Assigned task:
Locate "Ezra - Round" in the listing. Transcribe the line that contains it and every line that follows, through the last, omitting all pictures.

Given material:
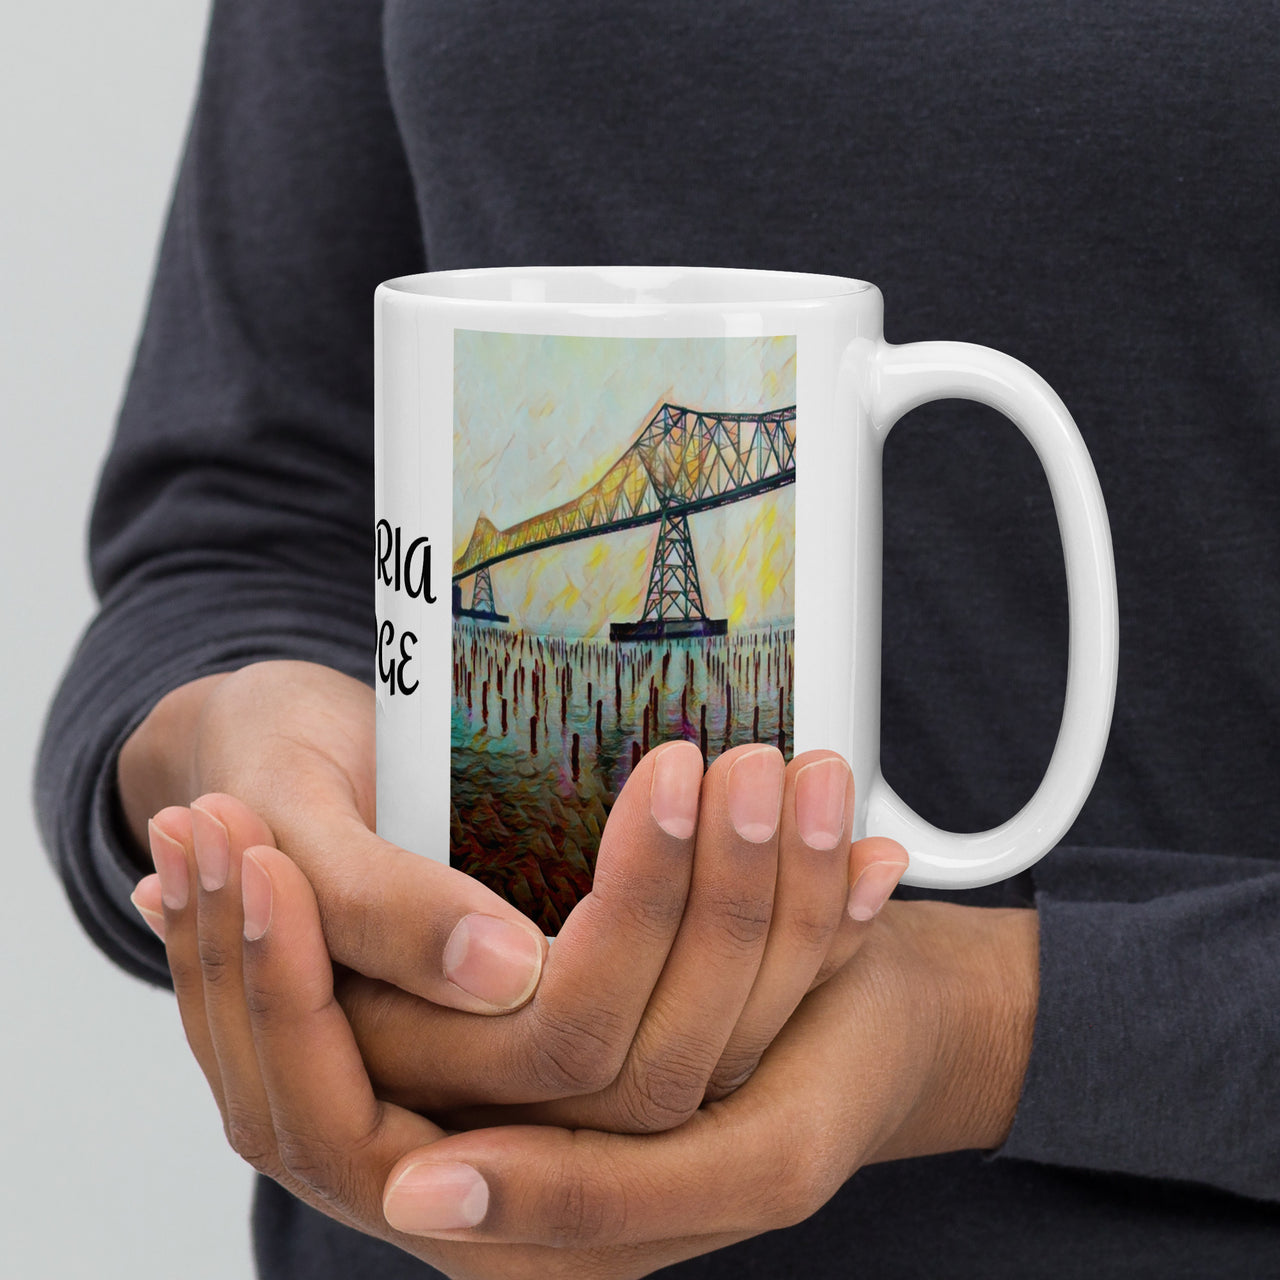 Astoria Bridge - White glossy mug
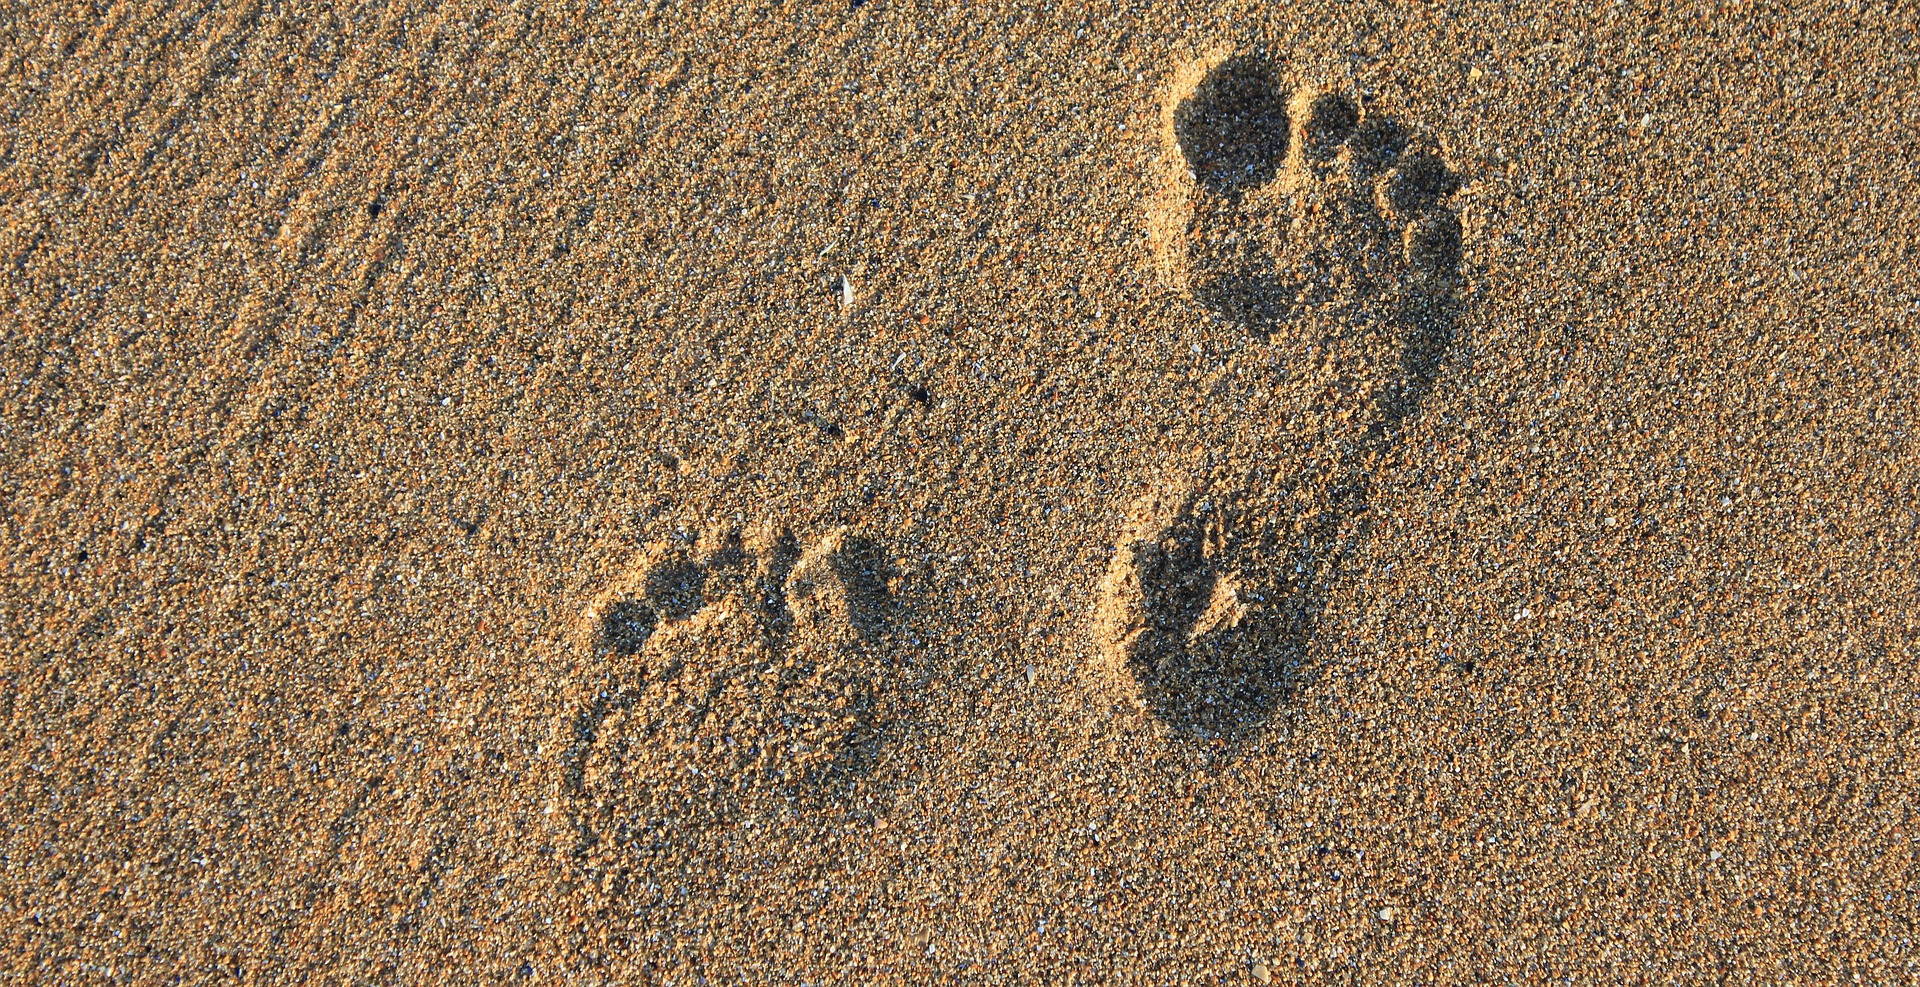 footprint-2353510_1920
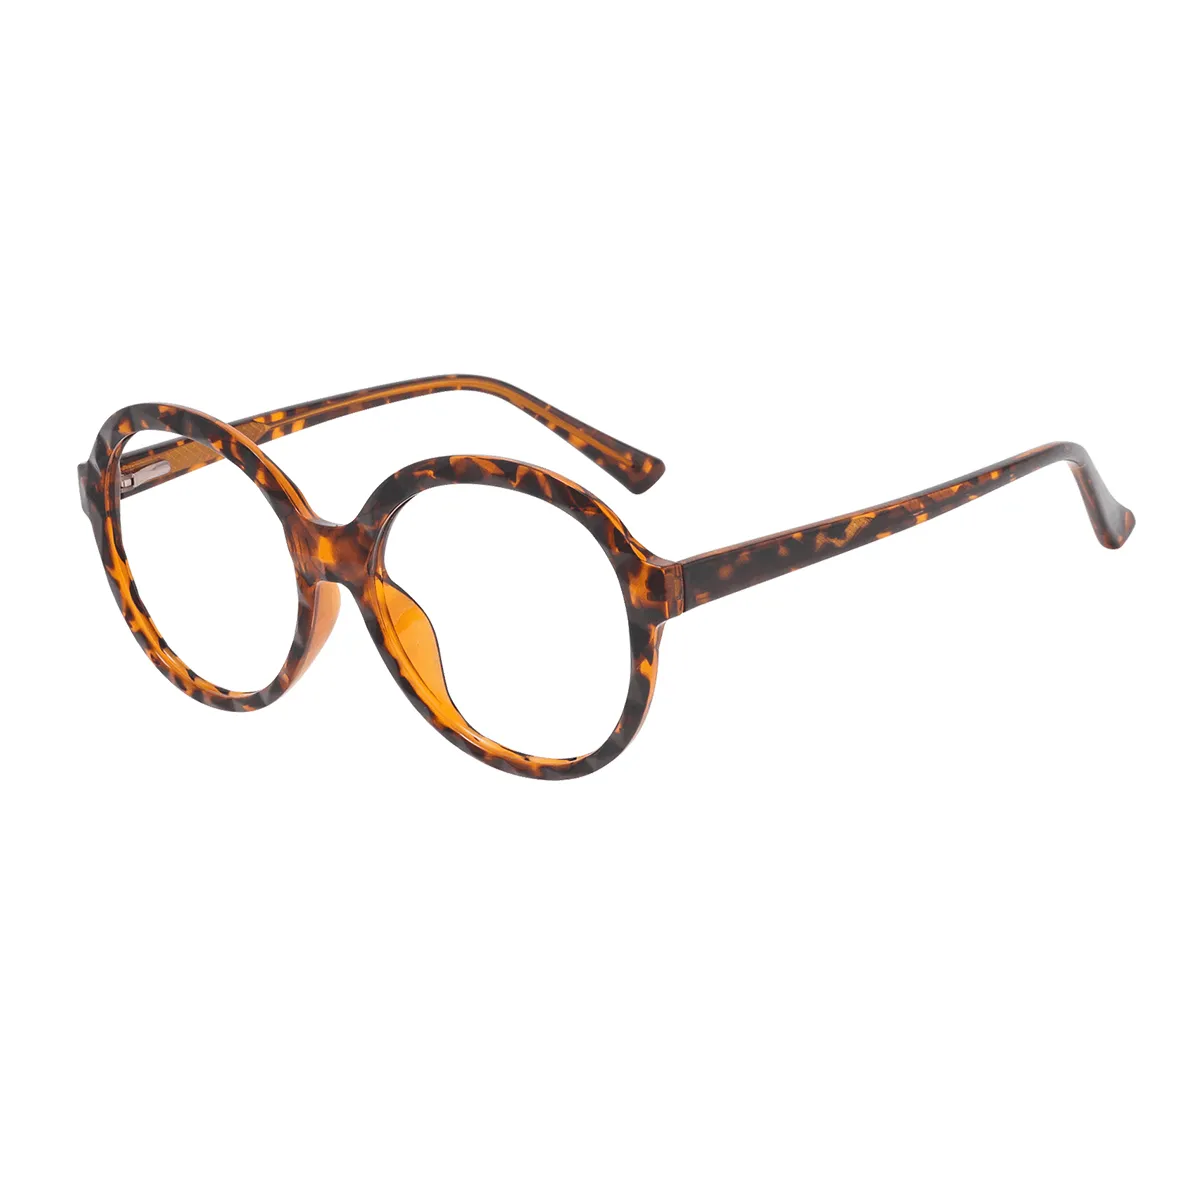 Ezra - Round Tortoiseshell Glasses for Women - EFE
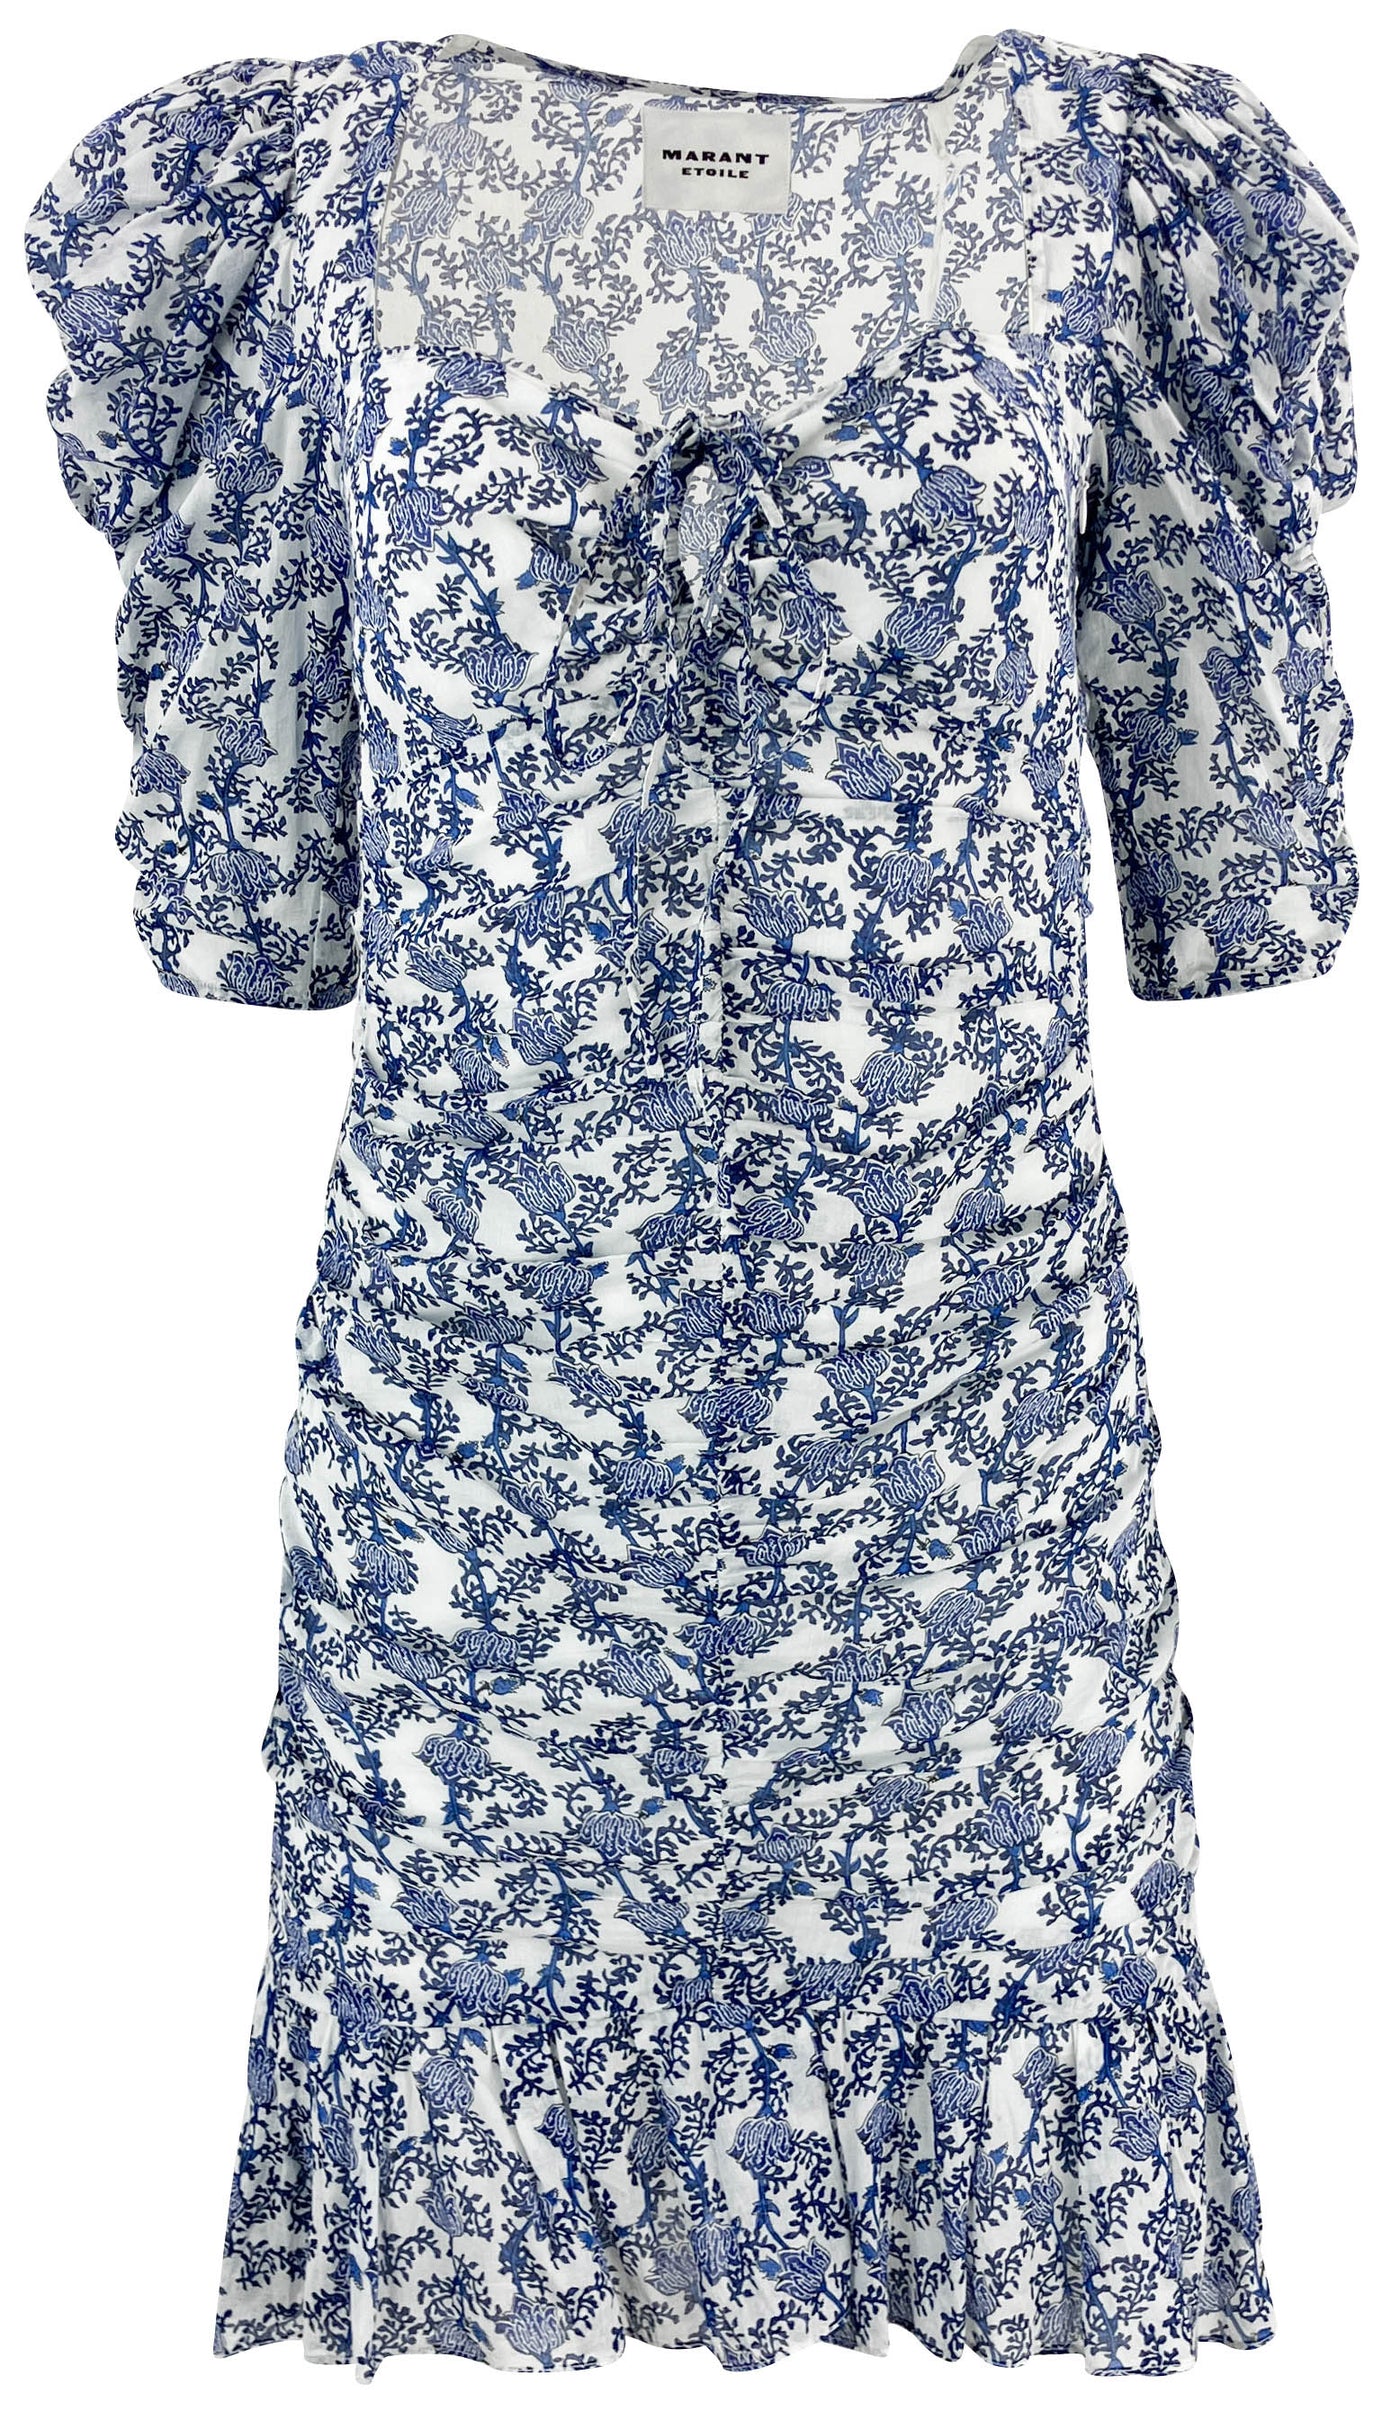 Isabel Marant Étoile Galdino Printed Cotton Dress in Royal Blue - Discounts on Isabel Marant at UAL

Output for this exercise:
 Ezra - Round Tortoiseshell Glasses for Women - EFE
 Isabel Marant Étoile Galdino Printed Cotton Dress in Royal Blue - Discounts on Isabel Marant at UAL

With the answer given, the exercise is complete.